Joe they are about as laid back as they come ,I think,I'm ...WE are keeping 4..1:3 in the 2' cube,but I'm sure i could have more,I obviously don't know about male on male agression,but would be very surprised if it was an issue. Our 5 leucs are way more agressive I can countm one incident of real falling out,but hell,with 3 ladies all wanting to lay eggs at the same time,with the same chap,It's not hard to see them getting p*ssed off with each other:lol2:

Stu


----------



## Liam Yule (Feb 16, 2012)

Hey Bud,

have you seen this?
The Precipice (Pic Heavy) - Dendroboard

I dont know if it's worth anything inspirationally. It has the use of eggcrate on back and sides it you could make it a bit more ''rocky'' and lose some of the cork. But the background looks large and sloping. It looks awesome once grown in and you can't see much cork anyway


----------



## Ron Magpie (Oct 11, 2009)

Liam Yule said:


> Hey Bud,
> 
> have you seen this?
> The Precipice (Pic Heavy) - Dendroboard
> ...


That looks really interesting- would love to see the grown-in version, though.


----------



## Liam Yule (Feb 16, 2012)

Head to page 13 Ron. Might give you a better idea





Ron Magpie said:


> That looks really interesting- would love to see the grown-in version, though.


----------



## Ron Magpie (Oct 11, 2009)

Liam Yule said:


> Head to page 13 Ron. Might give you a better idea


Thanks- the guy needs more overviews, though! Really impressive, from what I can see. :2thumb:


----------



## Cornish-J (Sep 4, 2011)

soundstounite said:


> Joe they are about as laid back as they come ,I think,I'm ...WE are keeping 4..1:3 in the 2' cube,but I'm sure i could have more,I obviously don't know about male on male agression,but would be very surprised if it was an issue.

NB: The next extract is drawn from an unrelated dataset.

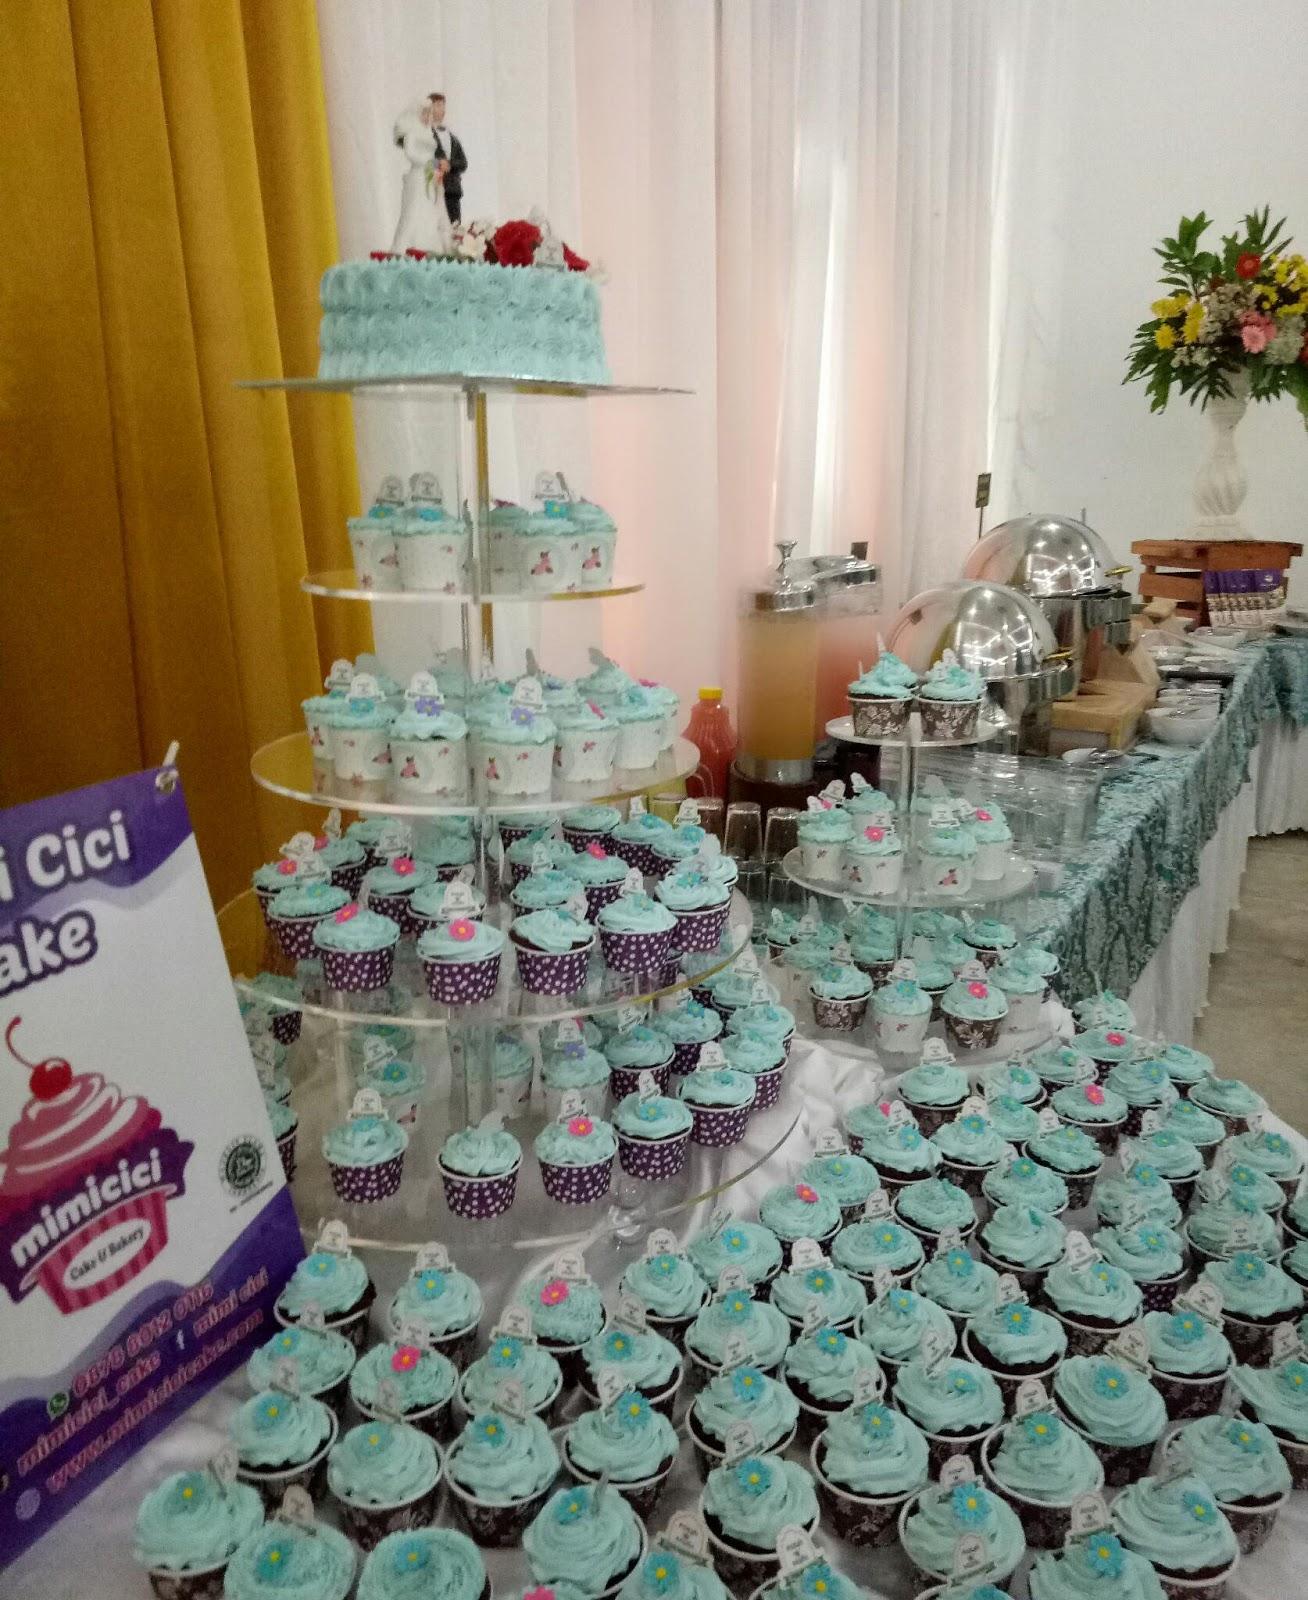 mimi cici cake Wedding cake toko kue mimicicicake bojonggede bogor

Our 5 leucs are way more agressive I can countm one incident of real falling out,but hell,with 3 ladies all wanting to lay eggs at the same time,with the same chap,It's not hard to see them getting p*ssed off with each other:lol2:
> 
> Stu


I have a 3:1 combo and rarely see any forms of aggression, seen a bit of chasing a couple times which lasted around 5 seconds but apart from that .. nothing.

J


----------



## Meefloaf (Mar 24, 2013)

STuuuuuuuu, can you grab me a pic of your mysti viv as it is now ? please :flrt::flrt::flrt: lol

struggling to figure out how to incorporate area's of soil and planting without building an egg crate section, also dont want it to seem like a rock square lol, was looking the other day and notice there are encavements in embanked rock. the other struggle for me personally is trying to get some wood in there, only thing i can think of so far is either a stump in one corner sat in a boxed section of eggcrate holding soil (will also add 'levels'). other than that, you've got the 'tree' pertruding from the rock work

ramble ramble ramble


----------



## soundstounite (Sep 6, 2009)

Yeah sure bro,but bare with me , i'm working up to a new year fts round up viv wise.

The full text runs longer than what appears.